To limit the time that I spend scrolling through social media, I started leaving my phone in a different room. I wouldn’t watch news for days at a time. After weeks of a very restful routine - reading, writing, thinking, lying around drinking tea and doing 'nothing' for many a peaceful hour, floating in the pool watching the clear blue sky of Abuja - I realize just how developmental all this has been. Isolation coupled with a social media hiatus is not just time alone. It is also a personal turnaround, a re-alignment of identity and a reassessment of habits that undermine our very sense of self.
In quieter times, I discovered the presence of all the things I miss in my hurry. I added more steps into my skincare and hair care routines. I noticed some of my toxic mental processes during my now extended meditation sessions. I shared some quality time with my family. Quarantine provided me with loads of benefits! I feel full of vital and imaginative energy and am happy to be back to my creative projects. However, I understand not everyone was fortunate enough to be with family during these hard times, and I am grateful for the comforts and amenities my parents are providing me with. Still, I encourage everyone to embrace isolation without the distraction from social media even if for a short while. Go on and savor the simple pleasures of life like sitting in the garden, laying in the sun, going on nature walks, watching all the sunsets, and stargazing.

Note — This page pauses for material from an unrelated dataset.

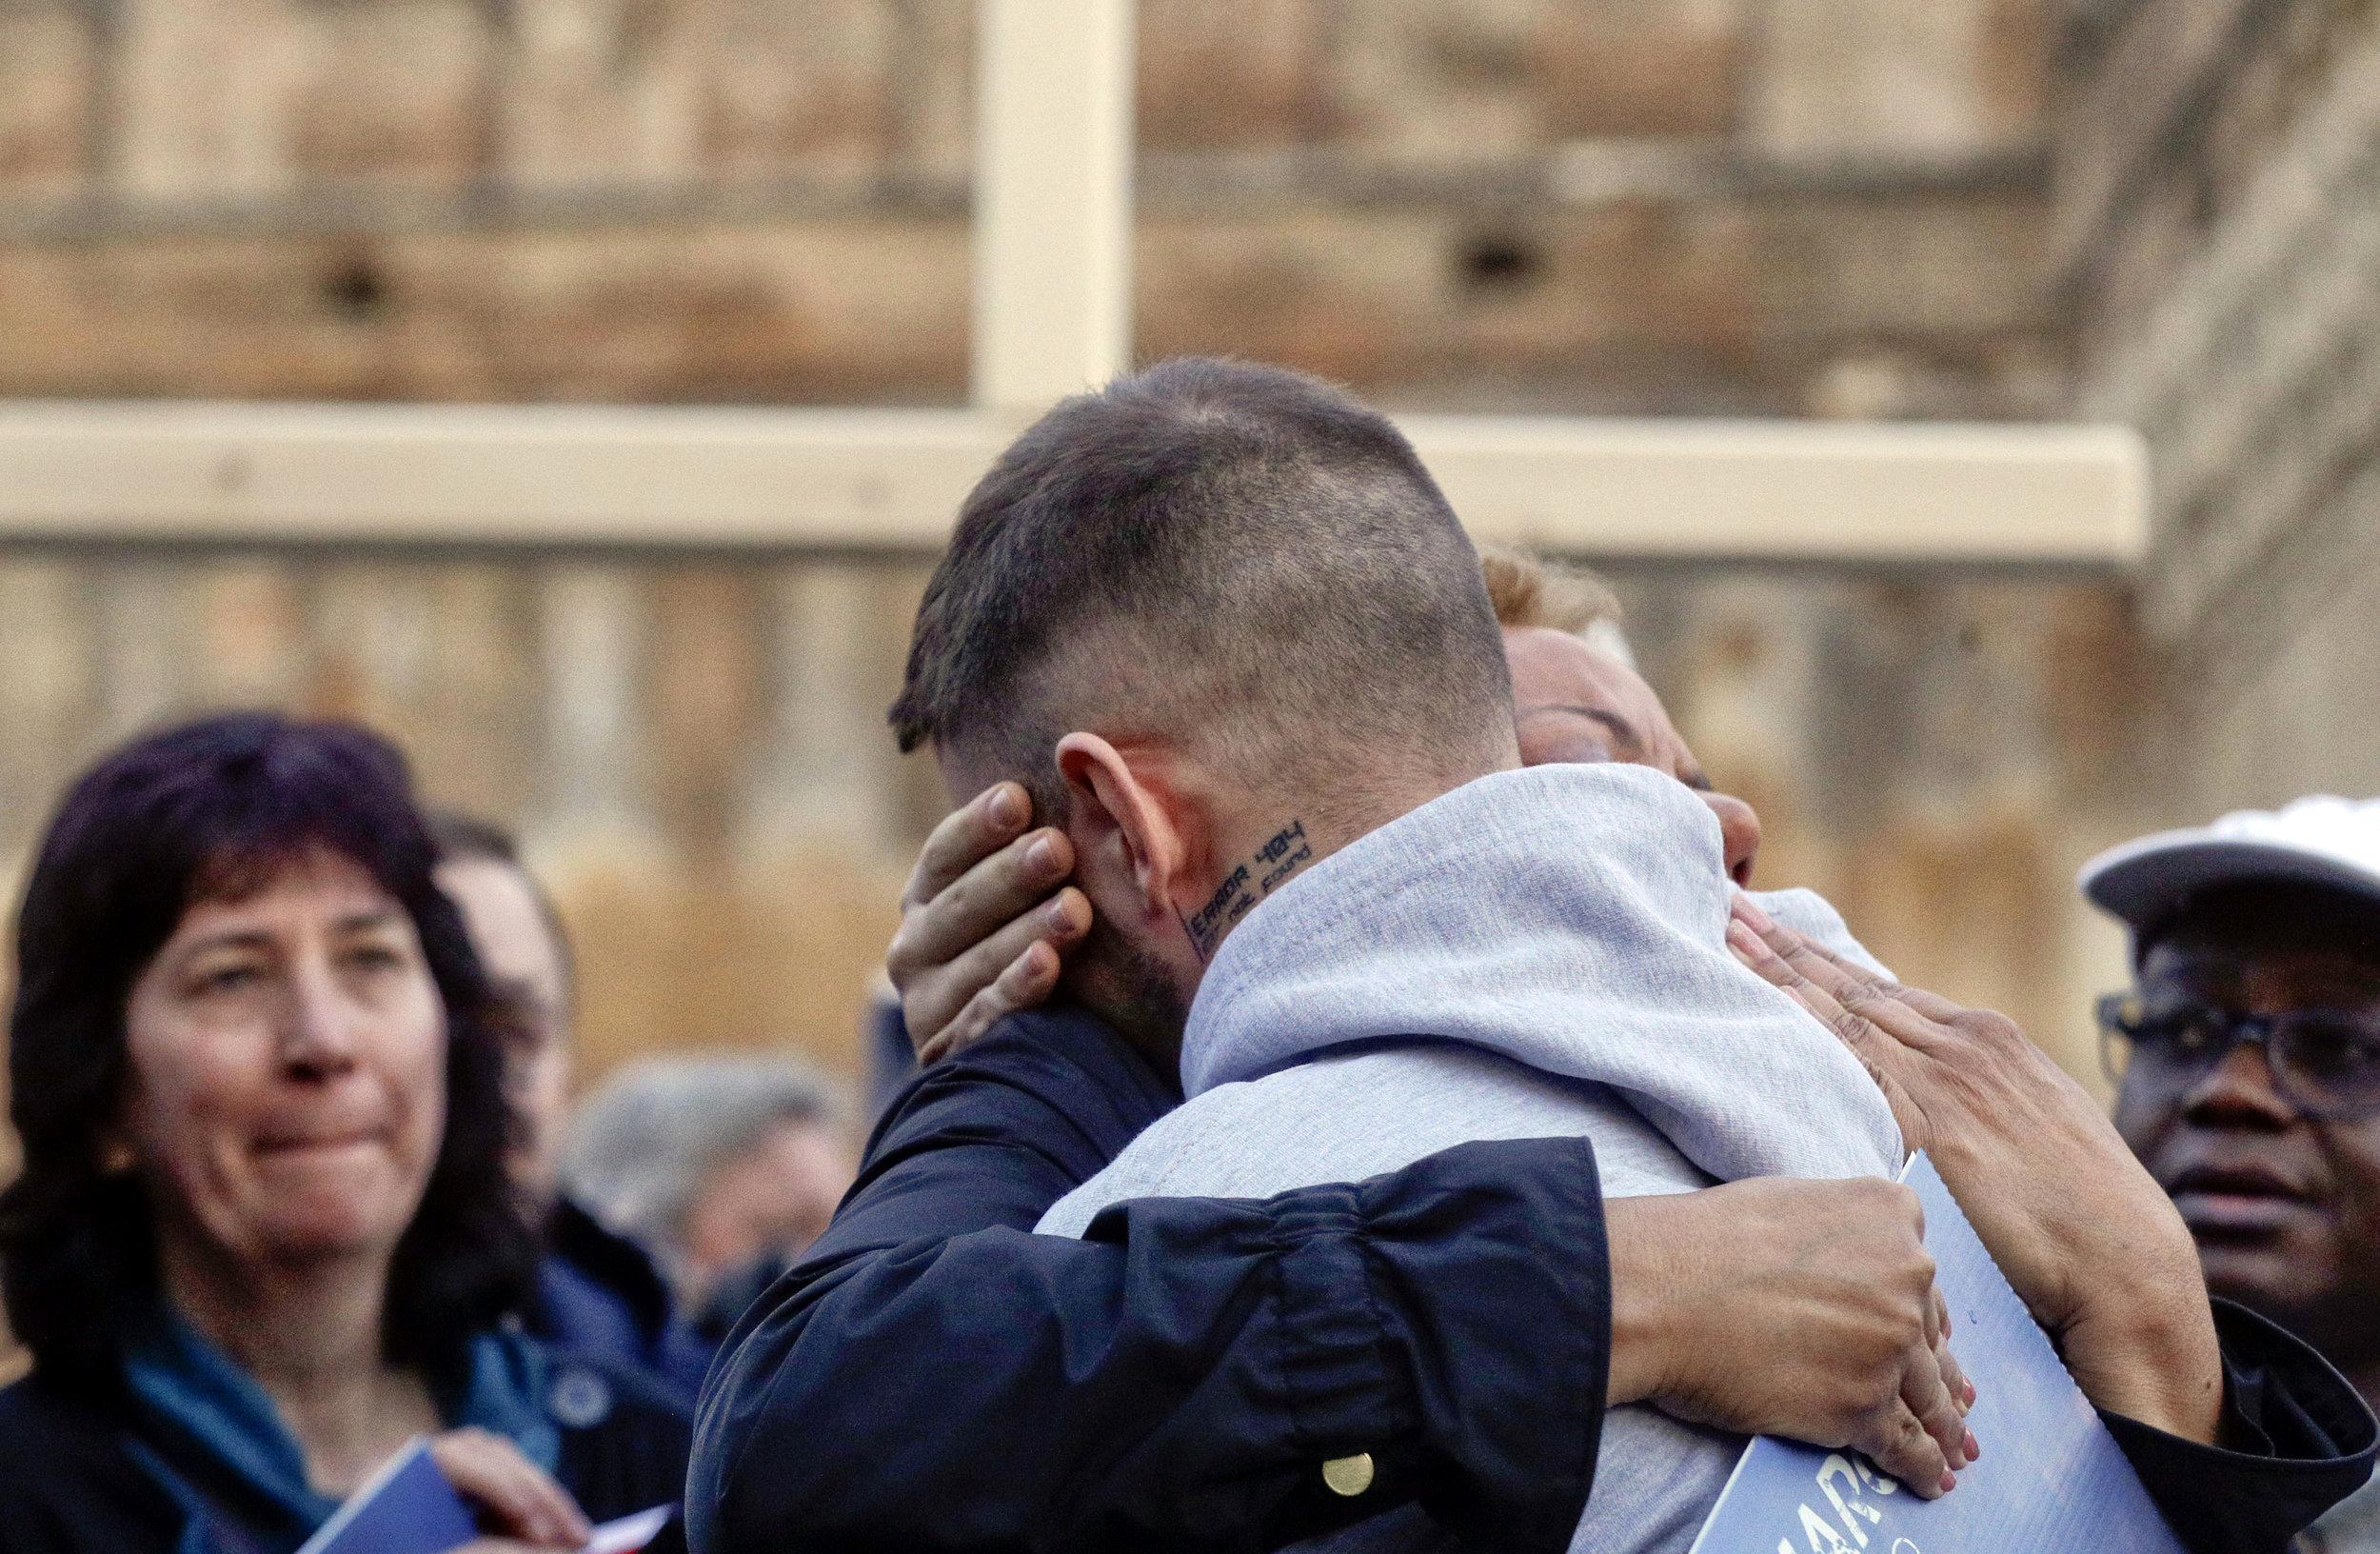 Survivors of clergy sex abuse hug during a twilight vigil prayer near Castle Sant' Angelo, in Rome on Thursday during a landmark sex abuse prevention summit. AP Photo/Gregorio Borgia

I experienced for myself that amid nature, there is no loneliness, only wholeness and an infinitely increasing completeness. And no number of likes, comments, followers, or admiration from online friends can ever compare to one deep and genuine relationship with a real human away from the screen. These months during which many of us cannot see our loved ones, friends, and family, and feel comforted by virtual connections and virtual hangouts, is probably a taste of what is going to be our new reality after COVID-19 – a slightly more distant and lonelier world than it was before.
It is undeniably fun to be connected on social media, and other online communities, but it is important to remember that there is a whole world that exists offline, waiting for us to explore it. I now make it a priority of mine to be present with nature and the universe, sensitive to the details and fragrances of the outside world, alone or with a loved one, undistracted by my devices.